Monday, August 22, 2005

I love cartoons. I really really do.

You know you're a geek when -- you can't watch the history channel today because you've seen all the episodes before. Huzzah.


Currently Listening
Promises, Promises: The Very Best of Naked Eyes
By Naked Eyes
Always Something There To Remind Me
see related


Sunday, August 07, 2005

God, it's been forever since I updated this thing. I've been updating my LJ for so long that I neglect this journal.

This is rather pointless, as there's not much to report on this summer. I still can't believe I'm going to go to college next year, though. That's going to be a tough one to accept.

I've finally had the chance to watch the A&E Hornblower series everyone's been pushing for me to see. I've read the first two books and I must say that the movies are more similar than I imagined they would be. Then there's Archie Kennedy--heck, I'd join the 19 century British navy to get some of that prize.

Greek food sounds really good right now. Greek or Italian.



Friday, March 25, 2005

Mom and I just finished watching the Passion. Now, I'm not going to go into a movie
critique, because that's not my purpose. I will say that Jim is a wonderful actor and the
languages were absolutely beautiful. That is all.

I did not cry as much as I thought I would. In fact, I think only three or four tears
managed to fall. I think it was because I was too astounded to be sad and too bewildered
to care. God knows how many people have been tortured and/or murdered - why does this
make Jesus any different?

Historical records dated from Roman times prove that Jesus existed. That cannot be
denied, and I'm goddamn sick of people saying he never existed in the first place. You
don't have to follow him, but can't you at least acknowledge his existence? Are you that
heartless? Are you that afraid of him? I think some people claim there never was a Jesus
of Nazareth because they’re scared that he really did exist. And God forbid if Jesus
walked this earth, for that would mean, perhaps, that a higher power exists. It would be
conforming to society to consider this. It would mean believing that there are greater
things than men, things that can control them, things that we cannot see or prove with our
own senses. It is a fear that is blind and naive. It frightens them to think that a man
willingly died to save their souls.

It frightens me too, but it was not his death that made my heart ache. Why he chose to die
makes my conscience wail and my heart ache.
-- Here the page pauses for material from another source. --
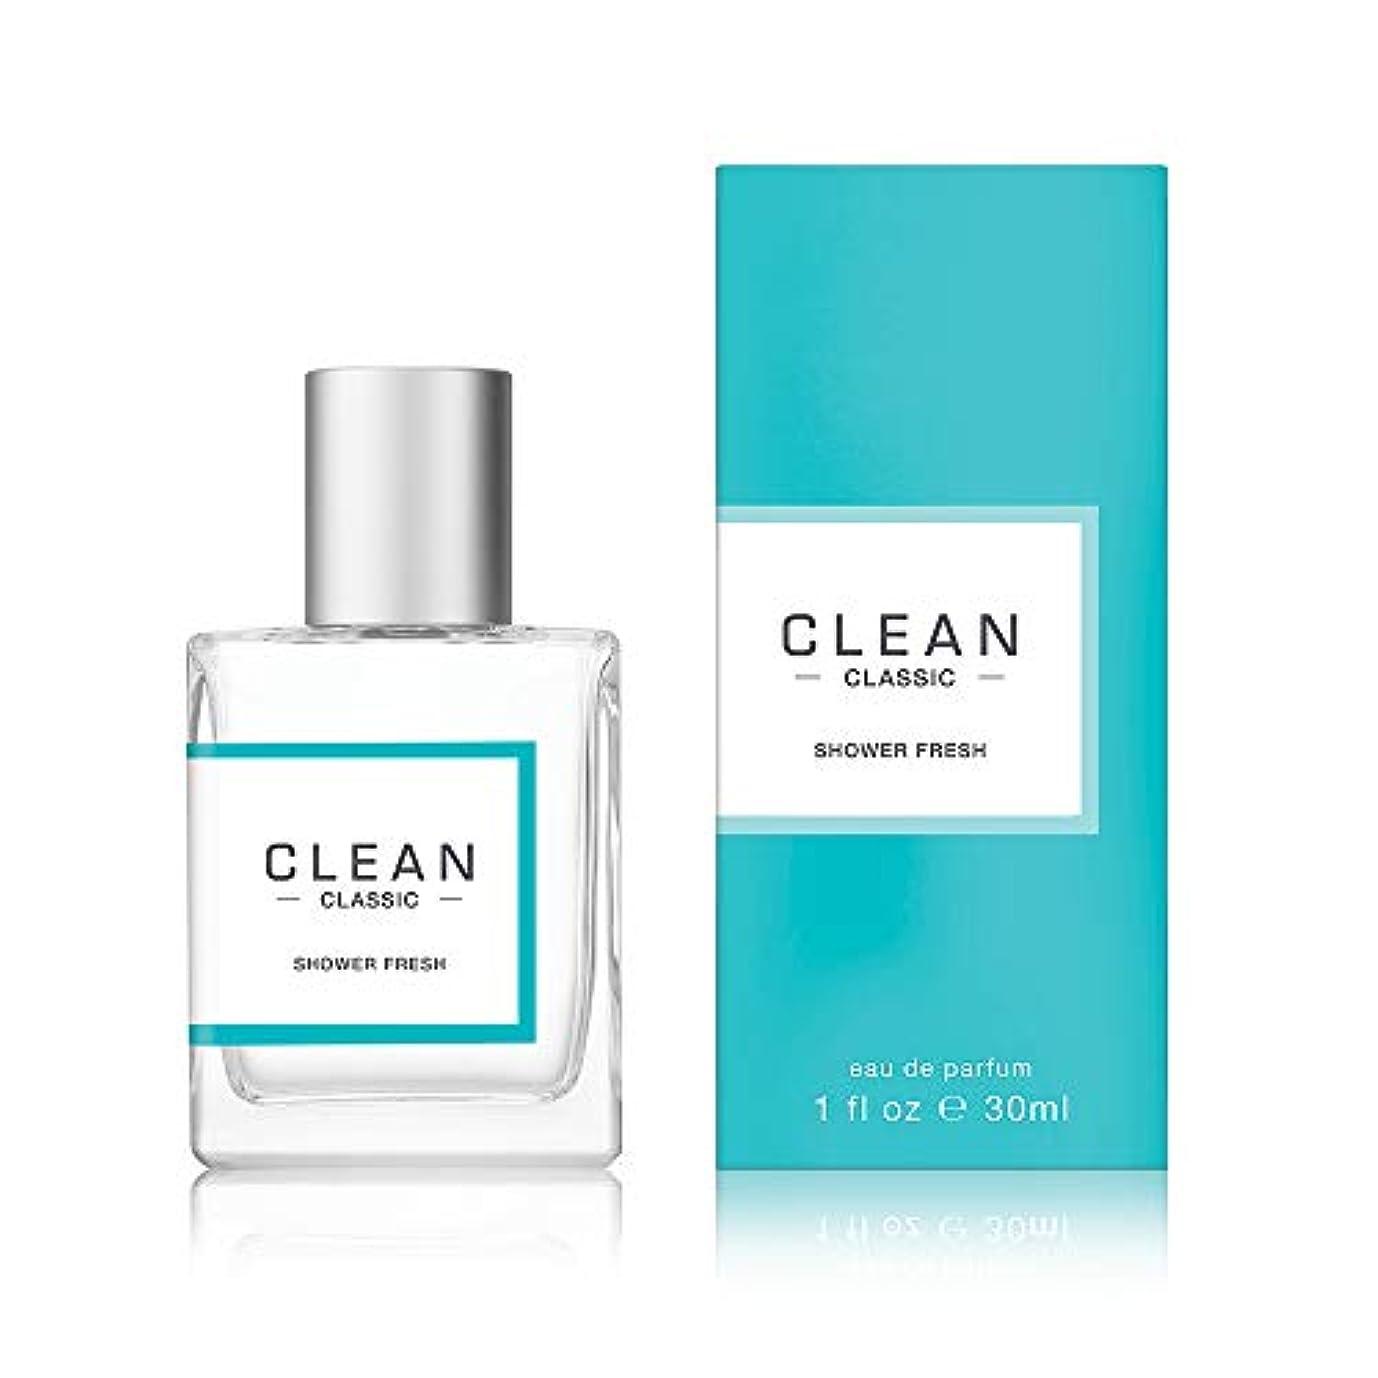 雇った給料優遇CLEAN(クリーン) クリーン クラシック シャワーフレッシュ オードパルファム 30mL

He died for the sins of man. He died for me. God, why would anyone care enough to do
such a thing? To suffer so much just for me, a selfish, ungrateful human being? I am not
worthy of such a sacrifice, Jesus. But I cannot thank you enough, for I know I will never
be alone. I feel dead inside sometimes, locked inside my head. I wanted to break down
and scream all of my regrets and fears in front of you, tell you what I really feel. I even
grew angry at you for taking away my father and my peace of mind. Yet you knew all of
this when you carried that cross on your back, when the soldiers beat you and your skin
grew red with your own blood. You forgave me, and you died so that God may forgive
me as well. I just have trouble accepting this sometimes, for my will gets in the way of
God’s.

Jesus, I wonder if you knew all of the bloodshed that would occur because of you. All of
the wars that so called Christians started. All of the hatred between religions. All the
manipulating, lecherous behavior, and murders that were carried out in your name.
Innocent blood has been running in the streets for too long. Why did you let them do this,
Jesus? Why did you die for the people who cheat, lie, and kill?

Teach me to be humble, Jesus. Teach me to forgive those who may not deserve
forgiveness in the eyes of men. Grant me the courage to fight this injustice. Help me to
guide others so that they may see you, or respect you at the very least. Destroy the pride
that so often keeps me from doing your will. Help this troubled world find peace, for it is
painfully obvious that men alone cannot do it.

Forgive me, for I know that I would have been one of the people who condemned you. I would have been Pilate, pretending that your death is not at all my fault. I am ashamed, Jesus, and sometimes this shame is hard to bear.